If the storyline of Mercy sounds familiar – hero cop in the near future is put on trial for his life for a crime he insists that he did not commit and acting as judge, jury and executioner is an emotionless supercomputer – it is because the same basic storyline was done much better in 2002 with Steven Spielberg’s Minority Report starring Tom Cruise.

Of course, Steven Spielberg is a far superior filmmaker than Mercy director Timur Bekmanbetov. And even though Tom Cruise was on the early downslide of his acting career by the time Minority Report was made, he was still much better than Chris Pratt is here.

This is not to say that Chris Pratt cannot act – check out his old work in Parks and Recreation – but he has spent so much of the past decade or so trying to be a blockbuster action hero that his character acting has little nuance or humanity left in the tank. At this point he has just a couple of dramatic modes – angry-but-heroic and tortured – and while he does those well, it makes for a very flawed hero. How is the audience supposed to show empathy for his apparently unfair circumstances if his character is so hard to warm up to?

And that whole “near future” proviso…. The storyline of Mercy starts a mere three years in the future (2029), making the hard-to-buy-anyway changes in technology, world events and simple procedures of law nearly impossible to believe. I get that AI is making changes in leaps and bounds that are stunning, but there is no way that the world will change so profoundly in a matter of a few years. Just on a basic storytelling front, had they simply changed the narrative to make it take place maybe 20-30 years in the future, it would be much easier to buy into what Mercy is trying to sell.

It also doesn’t help that the storyline is so predictable that you fully know who the bad guy (or bad guys) will be halfway into the narrative, even though they are presented as upstanding and supportive friends or colleagues of the accused. Of course, the fact that at least one of them has a motive which is highly coincidental at best, far-fetched at worst, does not help things either.

Most of Mercy is set in one huge room, where the supercop is held on trial for the killing of his wife by an AI judge – played with suitable stiffness by Rebecca Ferguson. The trial is portrayed as a high-tech affair where details of the crime are quickly revealed with free-floating apps, search engines, Facetime calls and apparent full access to every surveillance camera and cell phone in the Los Angeles area.

Honestly, it’s a hyperactive form of filming which is sometimes cool but more often distracting. This annoying factor is particularly noticeable in a scene where an explosion is witnessed on a cell phone feed, and it appears that the whole courtroom is a raging inferno. While that may be somewhat cool visually, it makes no narrative or even technological sense.

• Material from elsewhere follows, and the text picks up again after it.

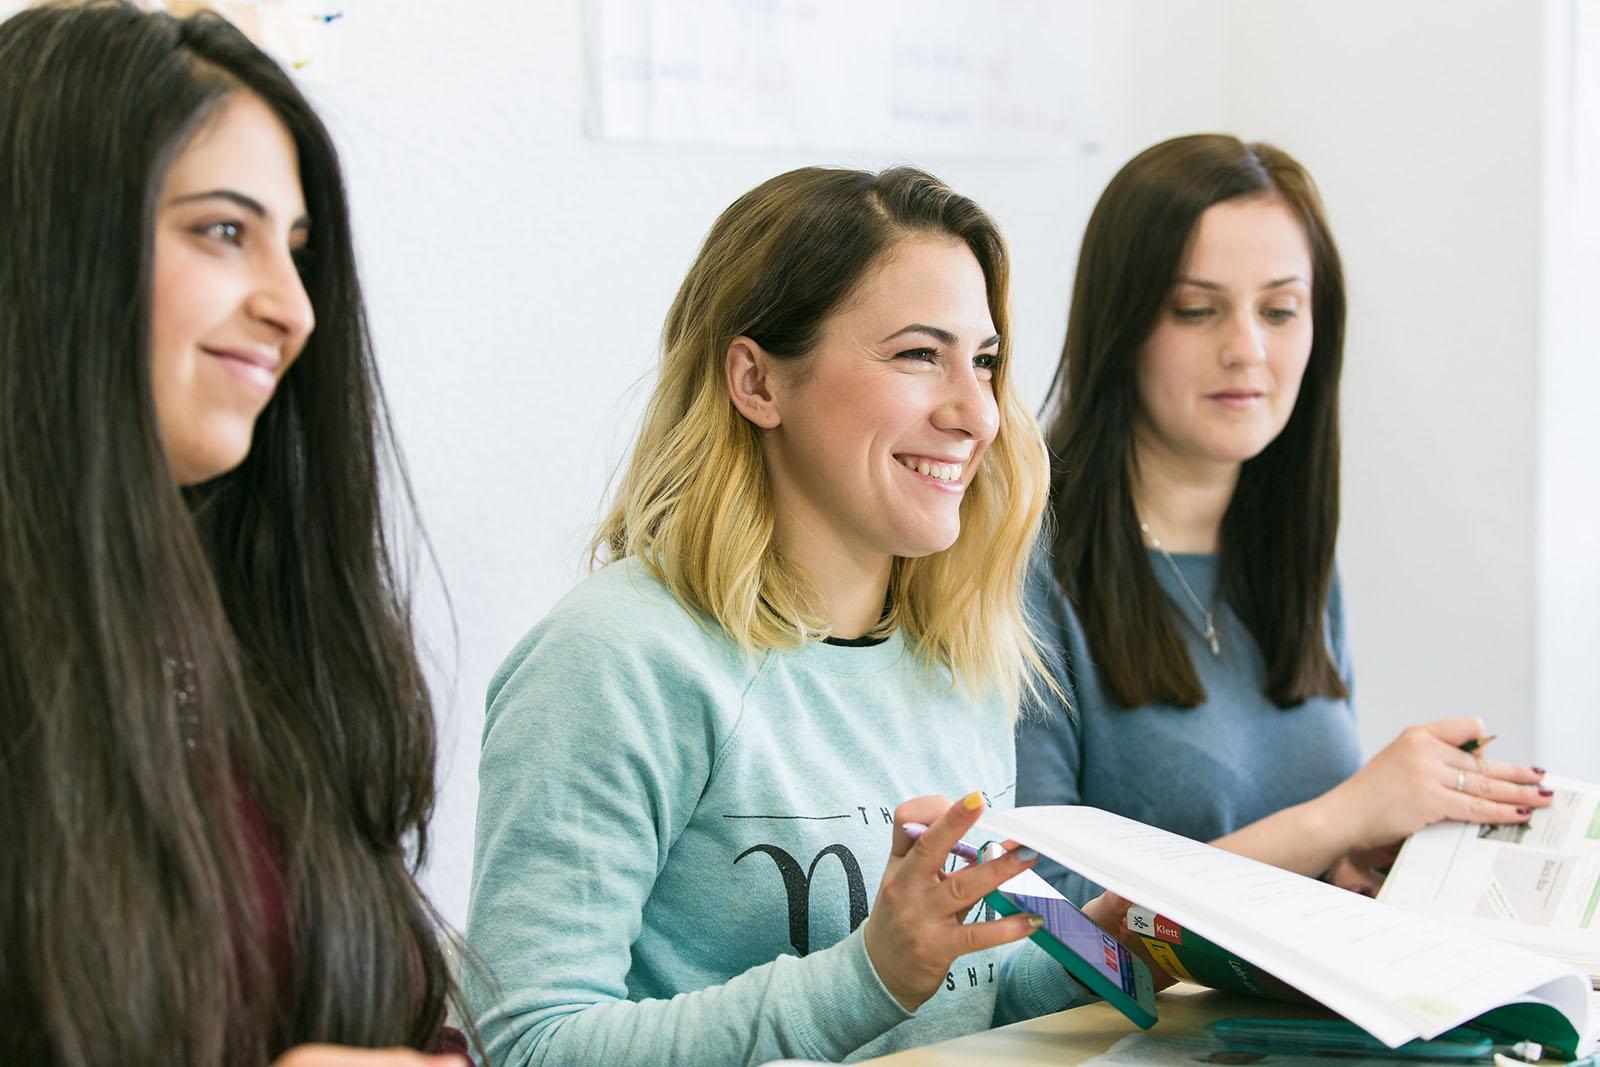 Grammatikkurs Berlin Deutsch Sprachschule

Also, the ability to find any piece of evidence on demand at the click of an app makes Mercy feel like a bit of a cheat as a mystery, which despite all the high-tech bells and whistles and hyperactive action sequences, the film is essentially supposed to be. And the rationing out of that evidence – for example a sound not heard on a camera recording the first time we see it, but later heard on that very same recording, or the possible outline of a face in a brief shot of a darkened staircase – just gives the feeling that the evidence is being parceled out selectively for narrative purposes only.

By the time that the plot devolves into a frantic high-speed chase through the streets of LA – watched in an immersive Cinerama shot which places the courtroom right in the middle of the action – Mercy has lost any sense of realism at all. Hell, at one point a police car loses control and drives over an inexplicable ramp on the side of an LA street. That old trick hasn’t been used since the glory days of Hal Needham. I’m shocked that the car didn’t drive through a fruit stand.

You may even buy into it if you shut off your head. There are enough fun action sequences that you may feel rewarded for just surrendering to Mercy. But if you give Mercy even cursory thought, it collapses like a house of cards.